Imposing a sudden and steep 50% tariff on imported microchips is a significant move with complex implications. Here's a detailed analysis of the likely causal chain of effects over the next two years:

1. **Immediate Impact on Companies:**
   - **Increased Costs:** Companies that rely heavily on microchips, such as computer manufacturers, automakers, and consumer electronics firms, will face significantly higher input costs. This is due to the 50% tariff adding to the expense of importing the necessary chips.
   - **Supply Chain Disruption:** The sudden tariff could disrupt supply chains, as companies may not have ready alternatives to replace imported microchips, leading to potential production delays and reductions in output.

2. **Subsequent Effects on Consumer Prices:**
   - **Higher Consumer Prices:** Manufacturers are likely to pass the increased costs onto consumers, resulting in higher prices for electronics, automobiles, and other goods reliant on microchips. This could lead to decreased demand, as consumers might delay purchases or opt for cheaper alternatives.
   - **Inflationary Pressure:** The hike in prices across significant sectors could contribute to higher inflation rates, affecting the broader economy and consumer purchasing power.

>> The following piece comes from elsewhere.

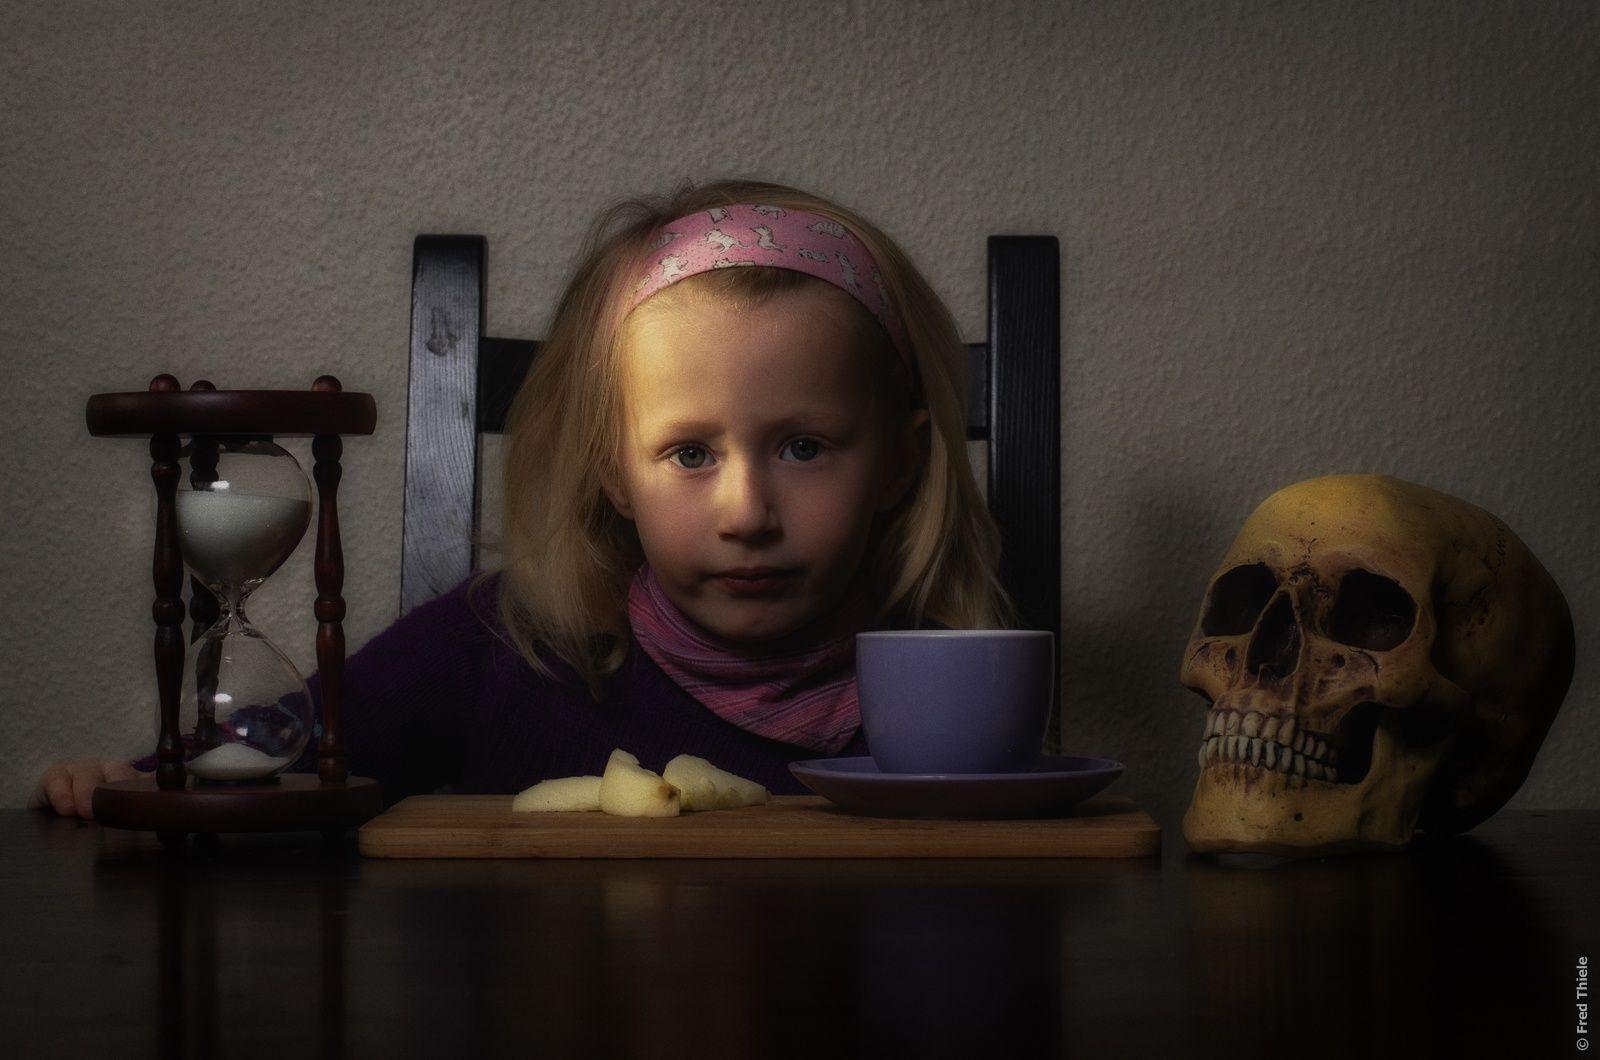 vanitas symbols w/ child portrait (colored version) by Fred Thiele on 500px
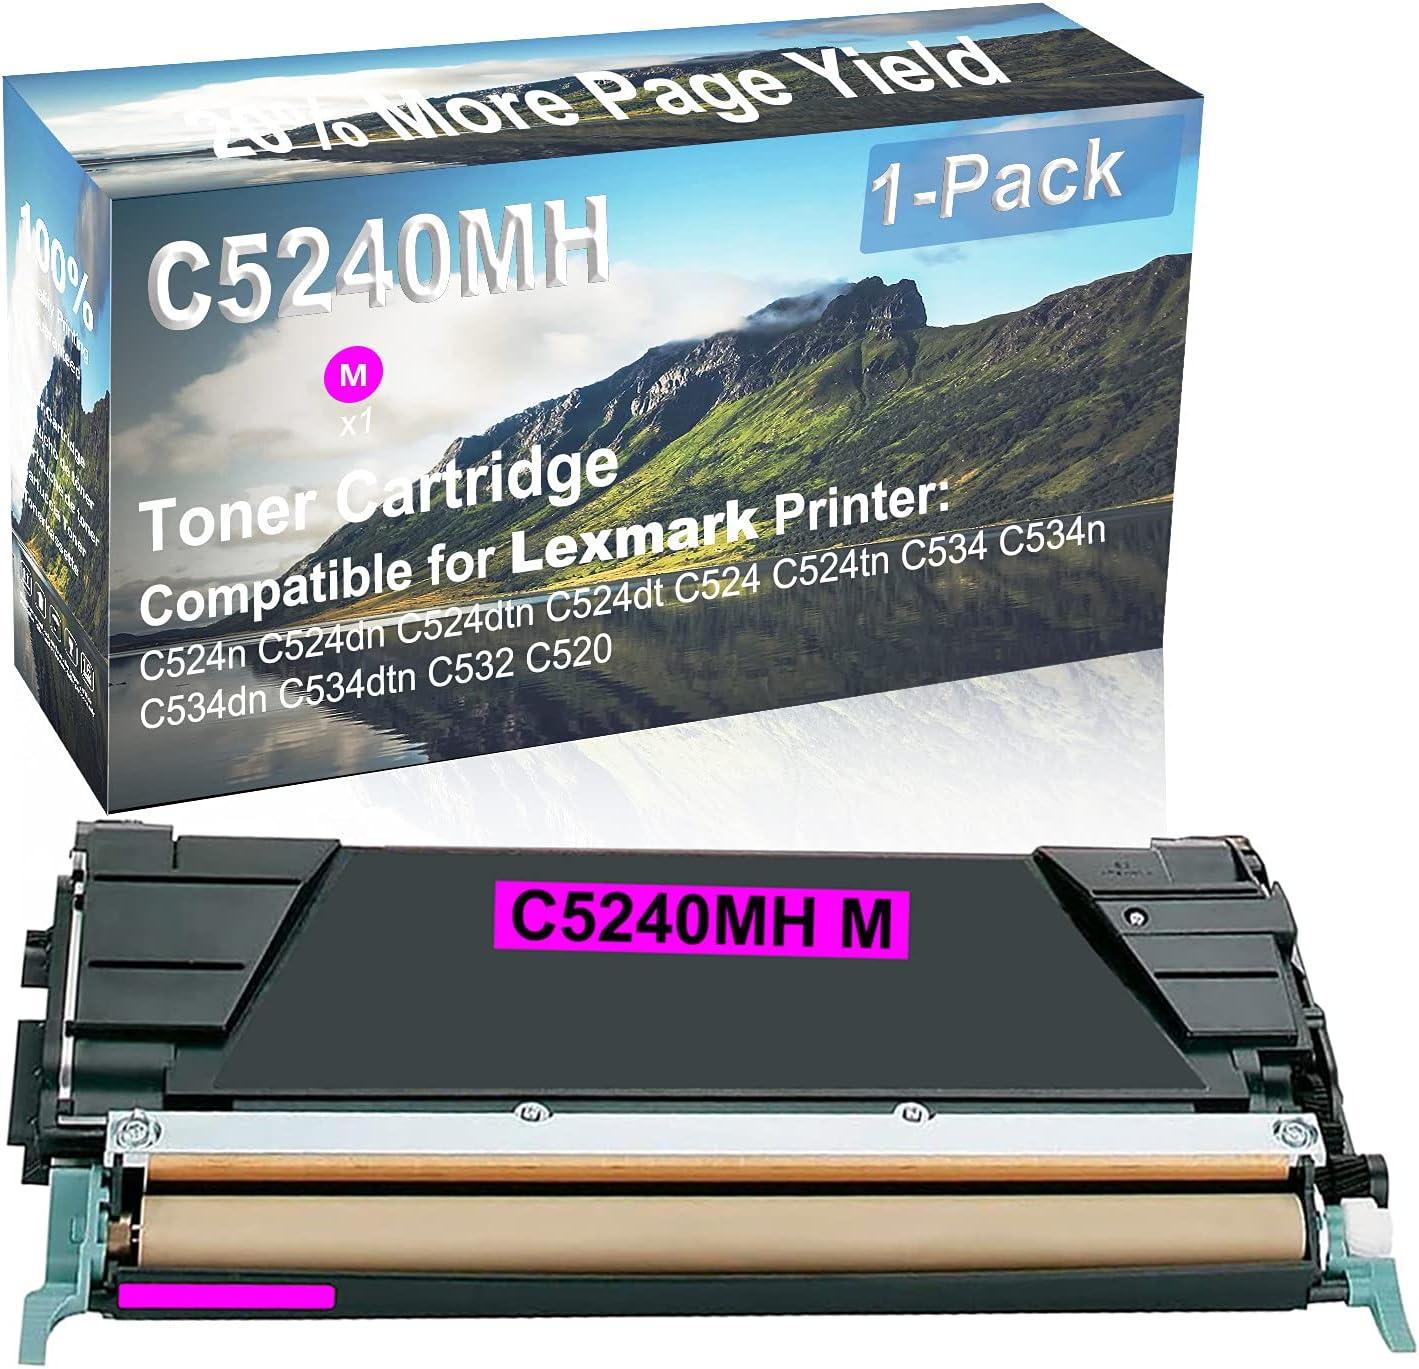 1-Pack (Magenta) Compatible High Yield C5240MH Laser Printer Toner Cartridge Used for Lexmark C534dn, C534dtn, C534dtn, C532, C520 Printer

3. **Potential Response from Other Countries:**
   - **Trade Tensions:** The tariff may lead to strained trade relations, especially with countries that are major exporters of microchips. They might retaliate by imposing tariffs on imports from the government imposing the tariff, potentially leading to a trade war.
   - **Supply Chain Shifts:** Other nations may seek to capitalize on the situation by increasing their own microchip production or exporting to different markets, altering global supply chains.

4. **Medium-Term Impact on Domestic Employment:**
   - **Tech Sector Growth:** The tariff, aimed at boosting the domestic tech sector, could incentivize investment in local microchip manufacturing. Over time, this may lead to job creation as new plants and facilities are established. However, this transition may take considerable time due to the complexity and capital-intensive nature of chip manufacturing.
   - **Employment in Dependent Sectors:** Sectors that rely on imported chips might experience job losses or reduced growth due to increased production costs and decreased demand for their products. Companies may either downsize or seek cost-cutting measures to offset the higher prices.
   - **Skills Gap and Training Needs:** Expanding the domestic microchip sector may require a skilled workforce, necessitating government or private sector investment in training programs and education to support reskilling and workforce development.

Overall, while the imposition of the tariff might eventually stimulate the domestic technology industry's growth, the immediate repercussions could include increased consumer prices, strained international relations, and challenges for industries reliant on microchips. The government's role will be crucial in managing these effects through supportive policies, subsidies, and investments in education and infrastructure.